恋とか愛とか
「恋なんて馬鹿にならなきゃやってらんないんだからね!」
友人が私にそう叫んだ。
私は誰と居てもいつもどこか冷静で、人生の中で本当の恋なんてした事がないんじゃないかと思った。
ベタなことを言うけれど、
恋をサイダーに例えるなら、愛はコーヒー。
サイダーに入る炭酸は長くは続かないけれど刺激的で甘ったるくて、コーヒーは苦くてそれにカフェインには中毒性がある。
恋を知る前に愛を知ってしまった人間はどうするのか。
愛というものは悲しみや諦めや憎しみの後にも存在出来る。
幼い頃からコーヒーの苦味に慣れてしまった人は、今更サイダーの甘さに喜ぶことも炭酸の刺激に驚くことも出来ないのではないか。

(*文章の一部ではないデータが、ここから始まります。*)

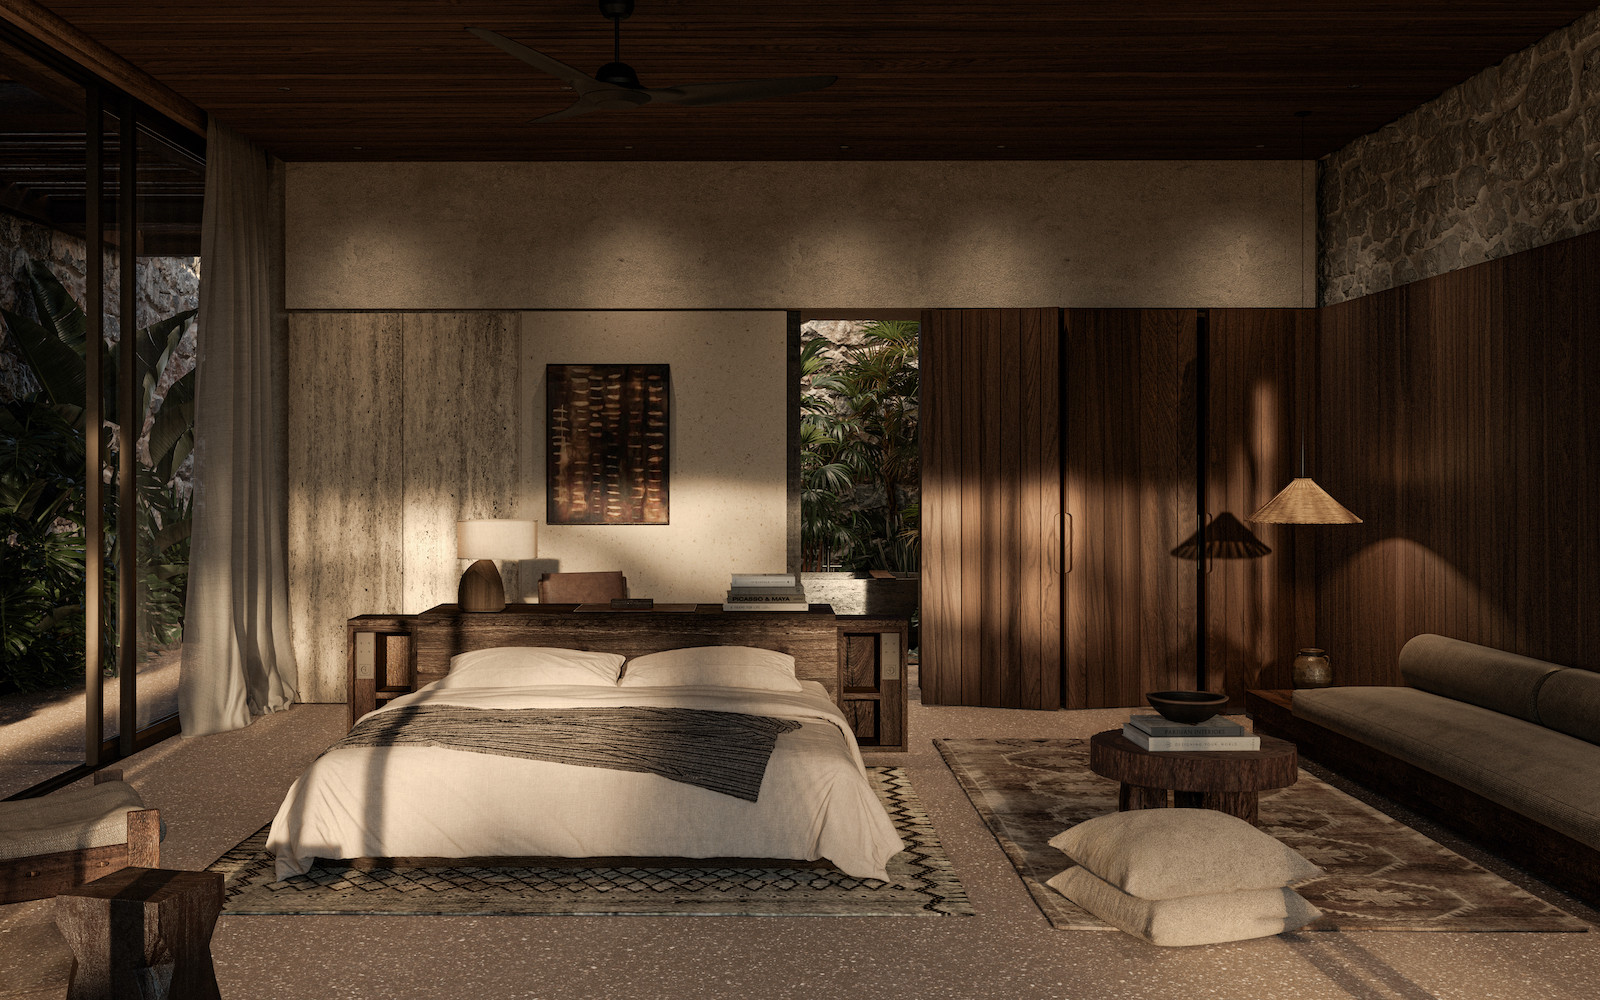 Bedroom concept - designed in an minimalist
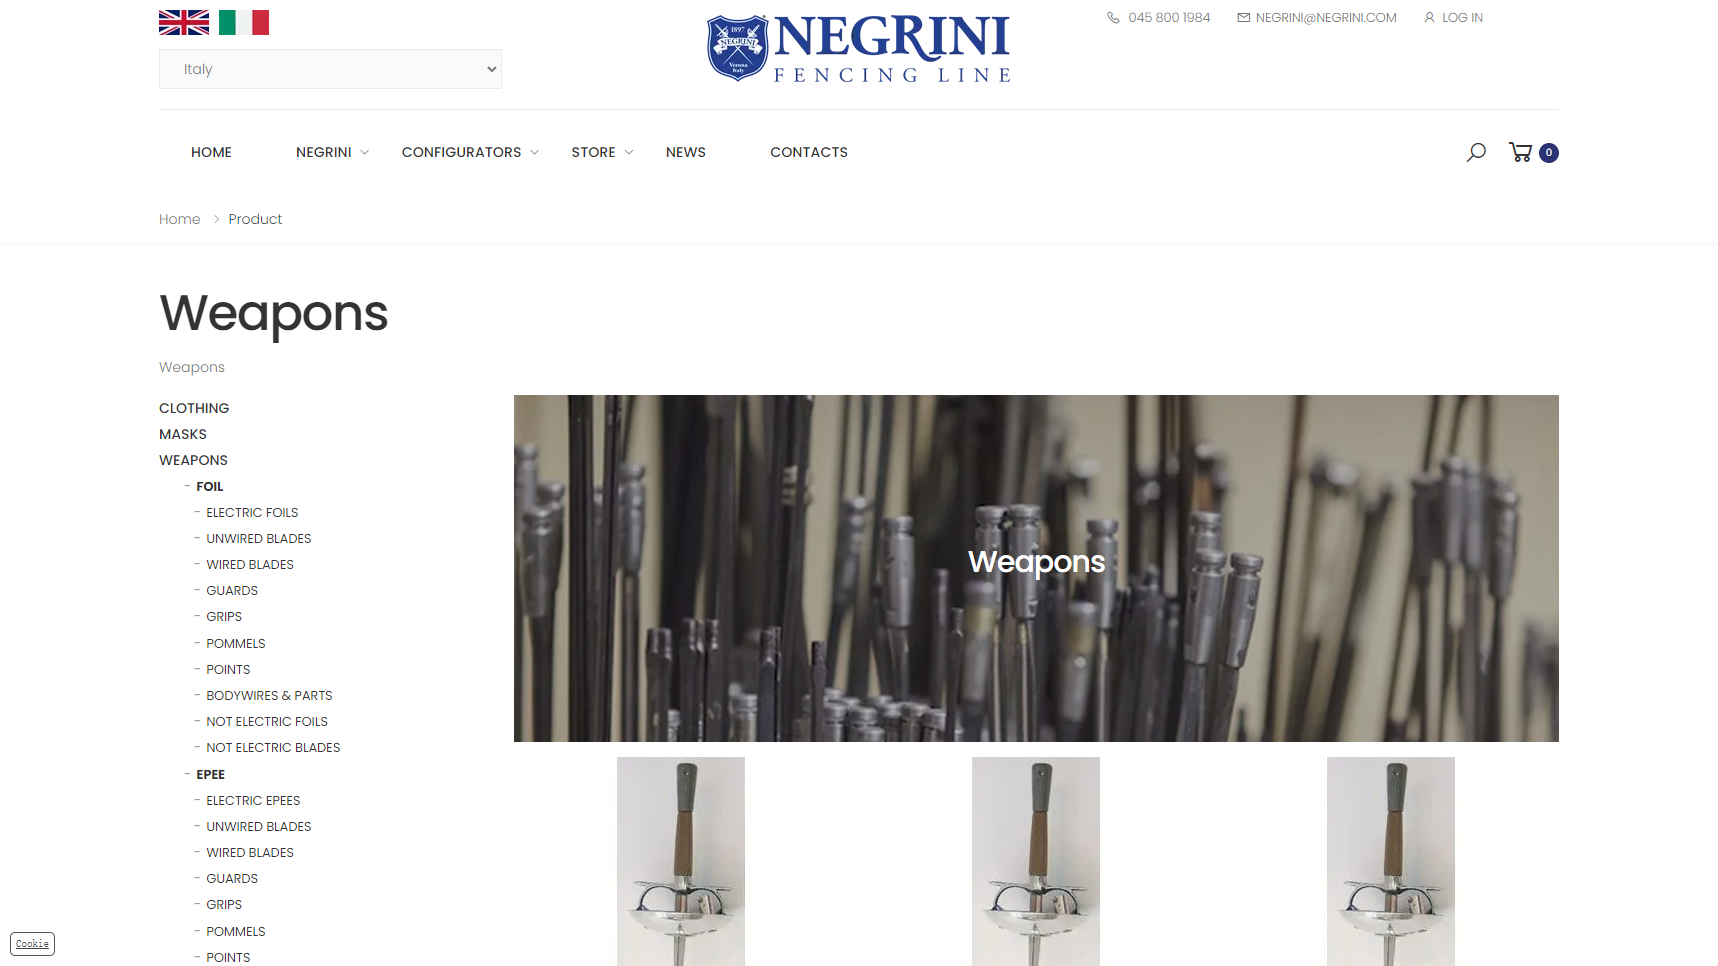 Negrini - Fencing Gear Manufacturer

冷静な人間には特大の馬鹿しか効果はない、などと友達がおかしな事を言うから私は面白くて口に含んだコーヒーを吹き出しそうになった。
目の前に並ぶ彼女とそのパートナーを眺める。
2人はまだ恋の魔法の中に居る。
それぞれが口にするようにお互いに欠点があるけれど、それを打ち消すほどの甘さと本能が2人の間から漂っていた。
破天荒な彼女のパートナーはとても冷静で、出会った頃のお前は本当にヤバいやつだったと微笑み、そう言われた彼女は否定もせずその通り!とおどけている。
彼女の方が一方的に何度も迫った事からお付き合いに発展したらしい。
人というものは共通する部分で惹かれるのではなく、相反する部分がピースのようにはまるのではないかと2人を見ながら思った。
「同じ」「一緒」じゃなくて良いのだ。
人は他人と近づこうとする時に相手との共通項ばかりを探しそうとしがちだけれど、
「違う」部分こそが人同士の距離を本当の意味で近づけるのではないか。
私は思った事を口にするでもなく、1人そんな事を考えては2人を眺めて微笑んだ。
コーヒーを飲む事に親しんでしまった私は、パブロフの犬のように苦味を感じた時、それが愛だと条件反射的に勘違いしてしまう癖がついてしまっているのではないか。
愛の後に恋を知る事なんて出来るのだろうか。
順番を間違えて生きてきた人間が、今更純粋な甘さに酔えるのだろうか。
私はテーブルの上に存在しない真っ赤なチェリーの乗った可愛らしいメロンソーダを夢想しながら、両手で包んだコーヒーカップをじっと見つめた。